| Information shown |

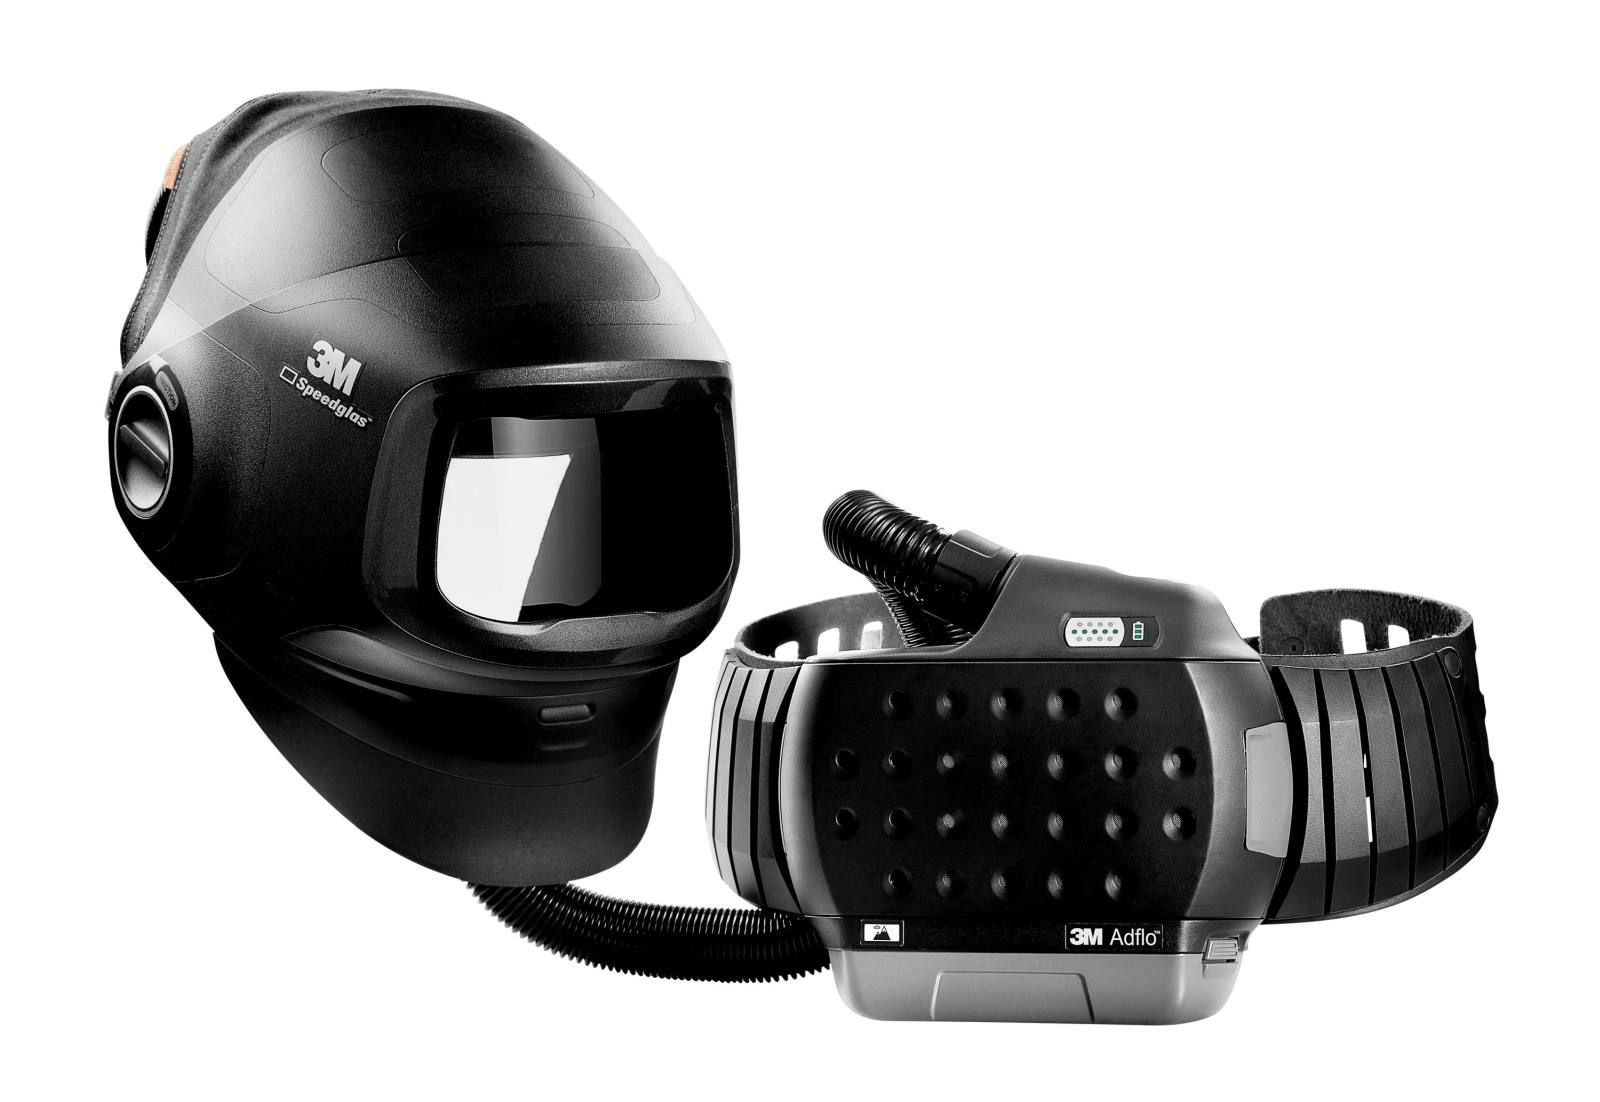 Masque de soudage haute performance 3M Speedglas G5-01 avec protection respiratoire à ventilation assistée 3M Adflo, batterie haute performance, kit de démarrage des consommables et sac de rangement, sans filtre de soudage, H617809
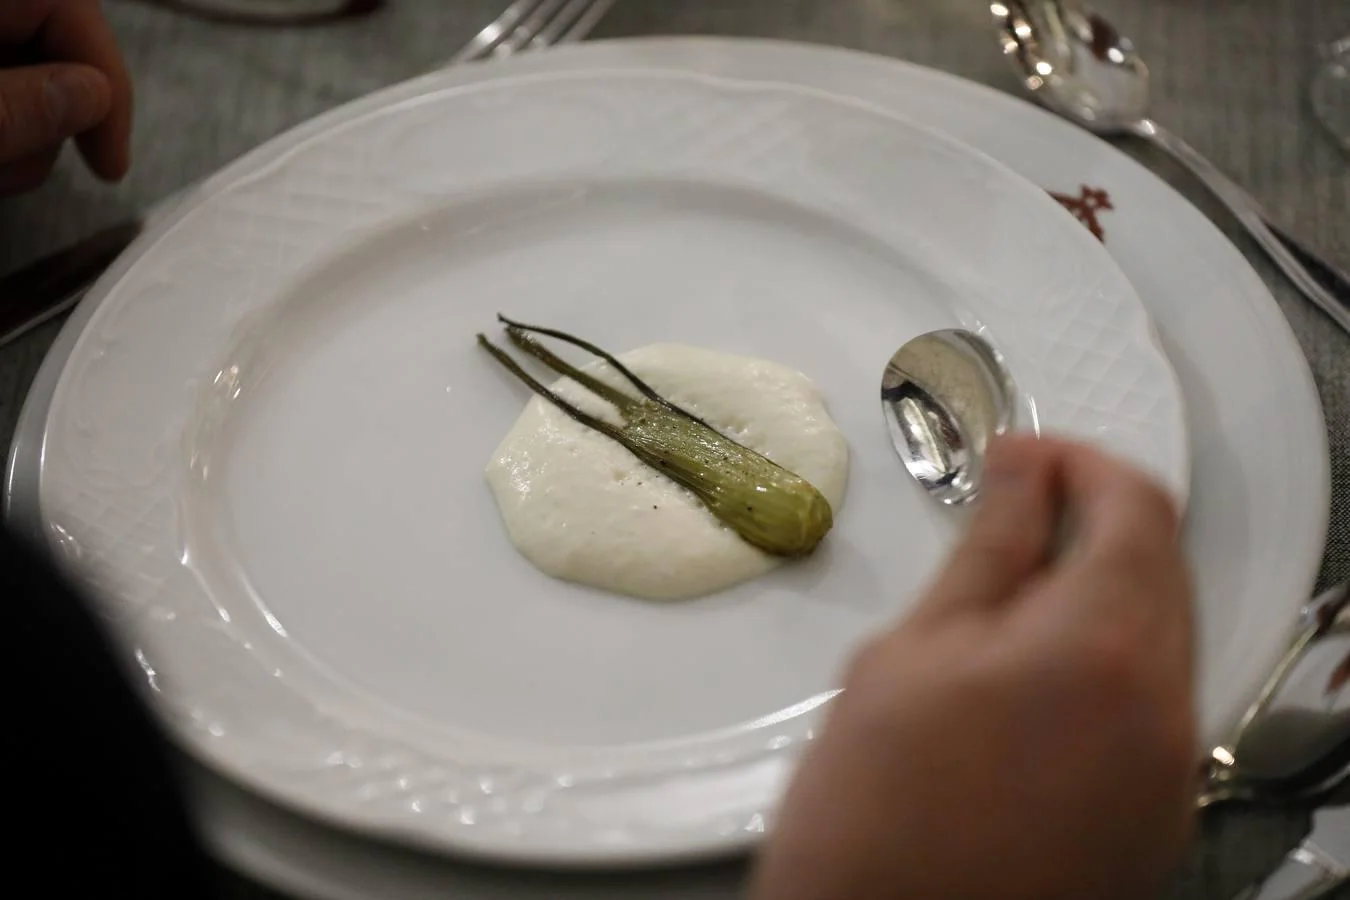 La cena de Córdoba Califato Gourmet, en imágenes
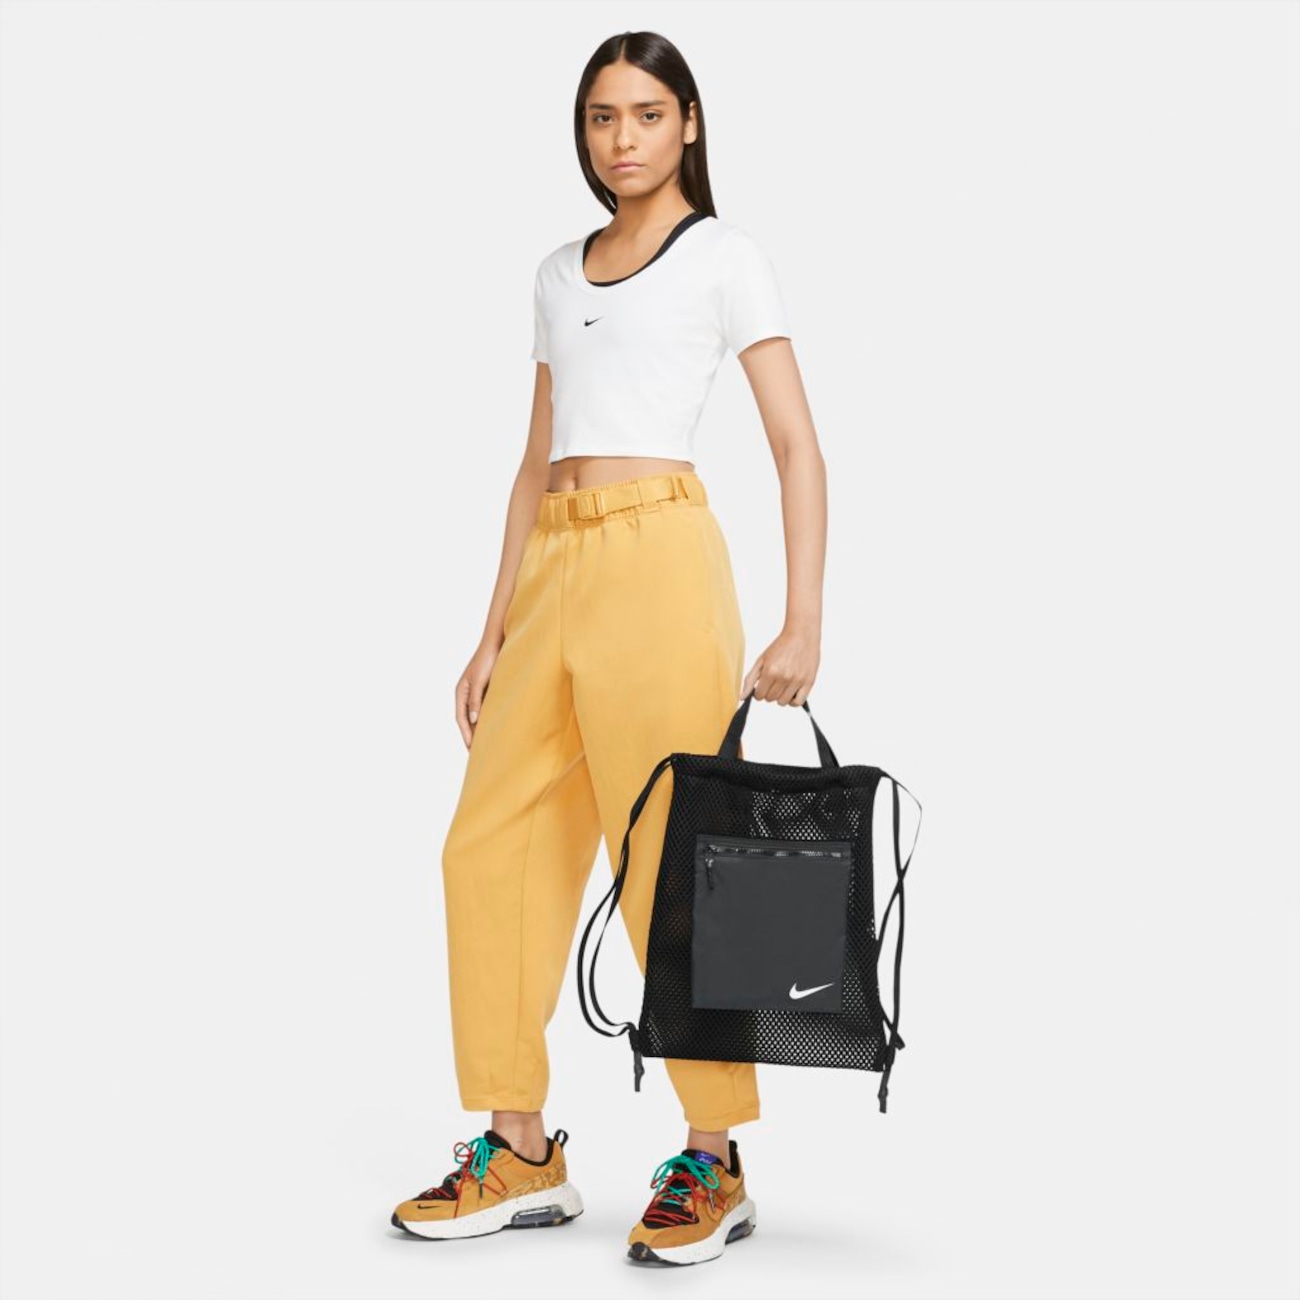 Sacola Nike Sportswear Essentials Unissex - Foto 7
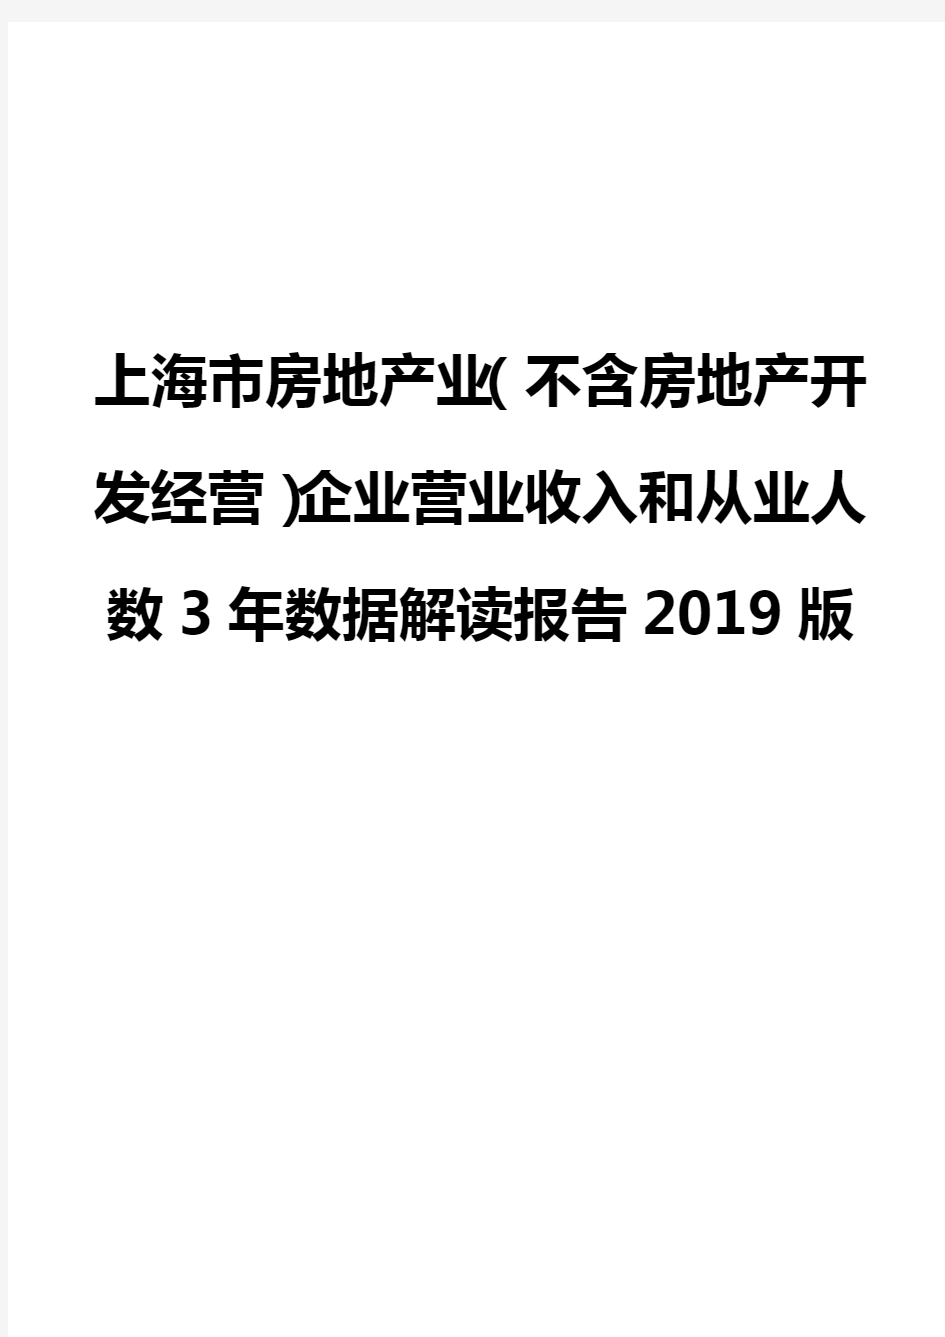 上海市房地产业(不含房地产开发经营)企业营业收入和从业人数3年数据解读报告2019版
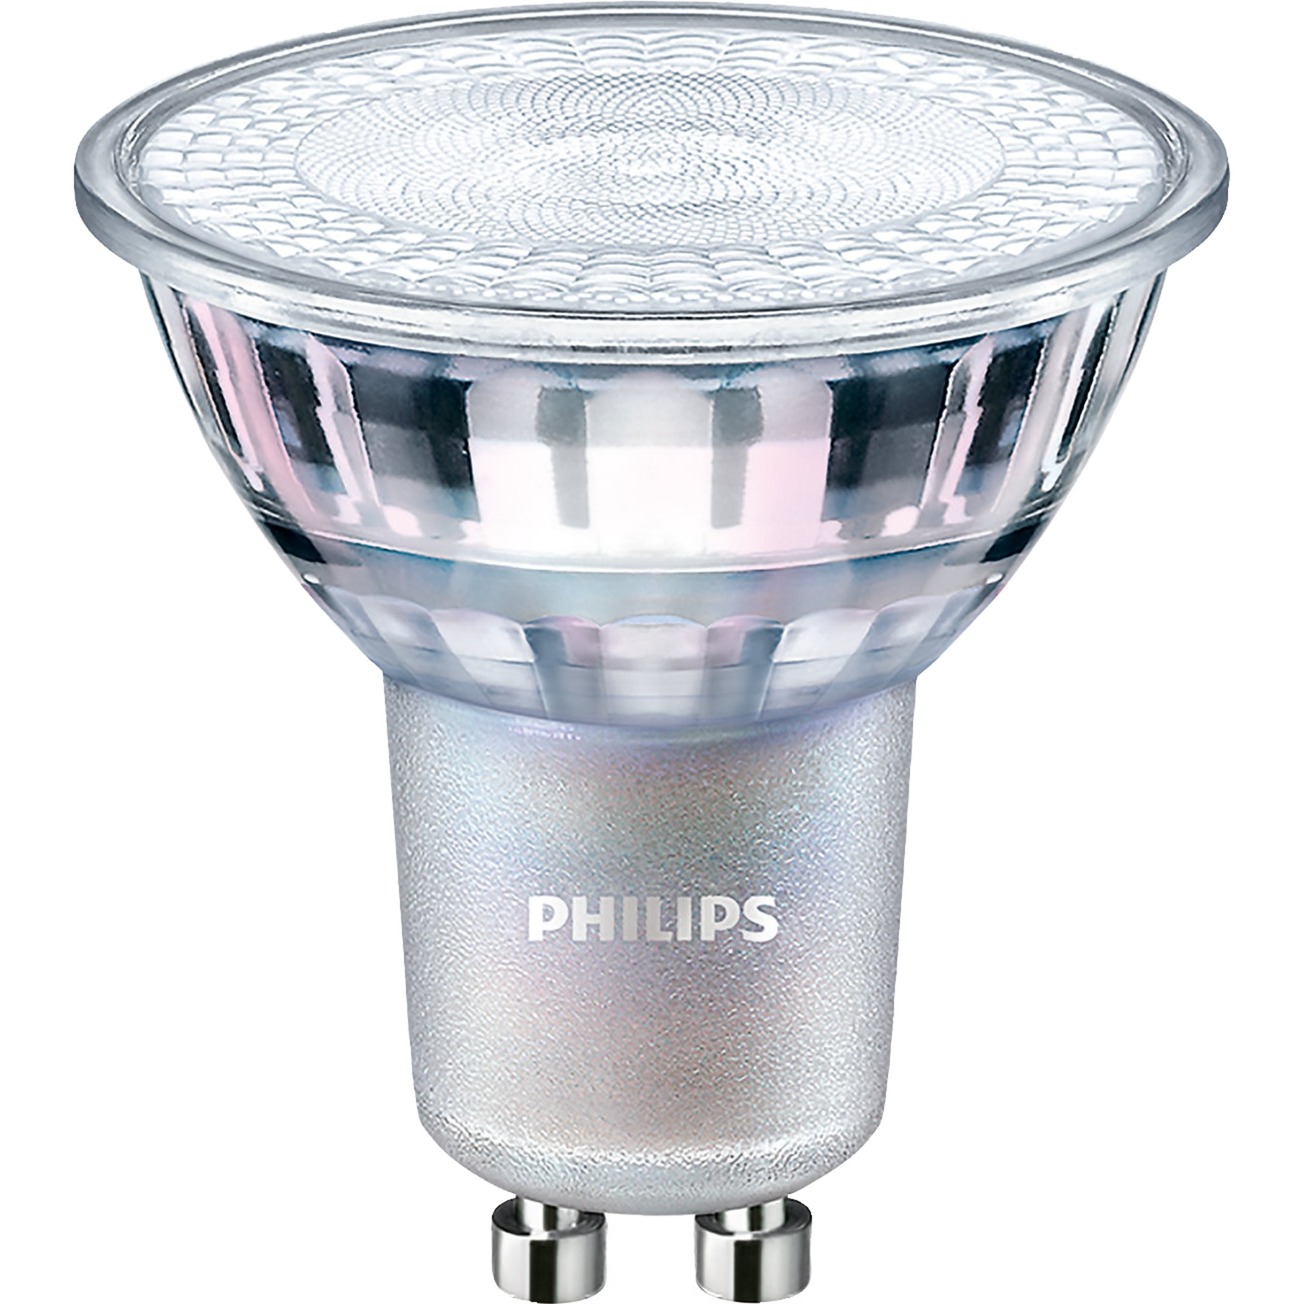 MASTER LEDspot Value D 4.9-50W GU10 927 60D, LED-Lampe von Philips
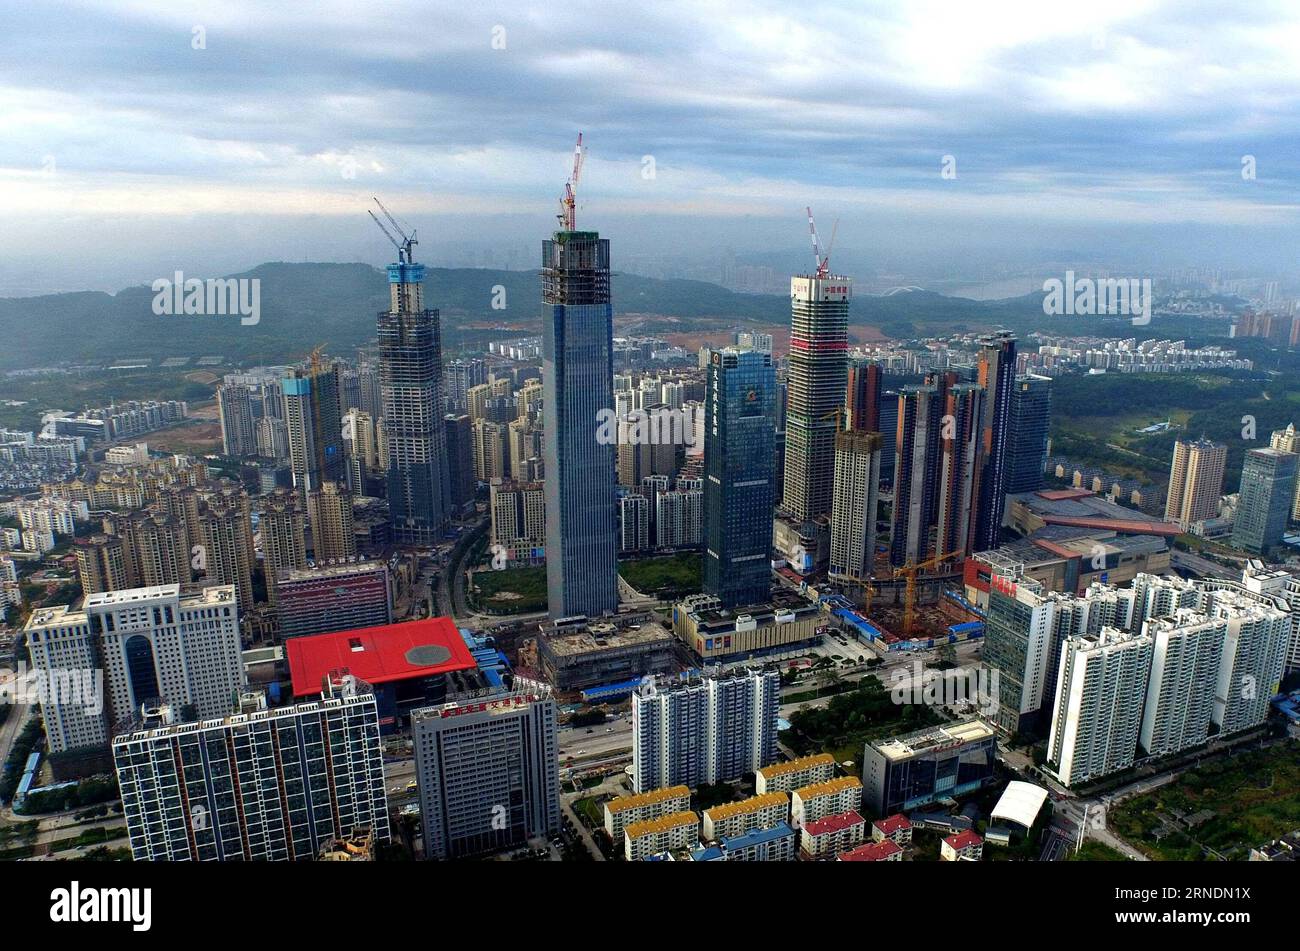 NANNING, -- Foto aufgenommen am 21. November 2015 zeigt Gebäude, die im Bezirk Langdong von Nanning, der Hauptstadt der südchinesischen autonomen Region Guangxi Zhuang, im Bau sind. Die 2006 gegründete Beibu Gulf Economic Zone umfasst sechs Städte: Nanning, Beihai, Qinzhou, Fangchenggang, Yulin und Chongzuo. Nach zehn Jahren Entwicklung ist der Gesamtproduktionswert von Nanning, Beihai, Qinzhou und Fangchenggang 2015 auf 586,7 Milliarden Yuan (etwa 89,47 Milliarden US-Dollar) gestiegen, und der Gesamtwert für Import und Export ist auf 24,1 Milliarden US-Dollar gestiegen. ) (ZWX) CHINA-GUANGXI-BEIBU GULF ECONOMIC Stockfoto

| Exercise |
The answer should be the complete listing, set down exactly, without pictures.

| Result for this exercise |
 Masque de soudage haute performance 3M Speedglas G5-01 avec protection respiratoire à ventilation assistée 3M Adflo, batterie haute performance, kit de démarrage des consommables et sac de rangement, sans filtre de soudage, H617809
 La cena de Córdoba Califato Gourmet, en imágenes
 Sacola Nike Sportswear Essentials Unissex - Foto 7
 上海市房地产业(不含房地产开发经营)企业营业收入和从业人数3年数据解读报告2019版
 MASTER LEDspot Value D 4.9-50W GU10 927 60D, LED-Lampe von Philips
 NANNING, -- Foto aufgenommen am 21. November 2015 zeigt Gebäude, die im Bezirk Langdong von Nanning, der Hauptstadt der südchinesischen autonomen Region Guangxi Zhuang, im Bau sind. Die 2006 gegründete Beibu Gulf Economic Zone umfasst sechs Städte: Nanning, Beihai, Qinzhou, Fangchenggang, Yulin und Chongzuo. Nach zehn Jahren Entwicklung ist der Gesamtproduktionswert von Nanning, Beihai, Qinzhou und Fangchenggang 2015 auf 586,7 Milliarden Yuan (etwa 89,47 Milliarden US-Dollar) gestiegen, und der Gesamtwert für Import und Export ist auf 24,1 Milliarden US-Dollar gestiegen. ) (ZWX) CHINA-GUANGXI-BEIBU GULF ECONOMIC Stockfoto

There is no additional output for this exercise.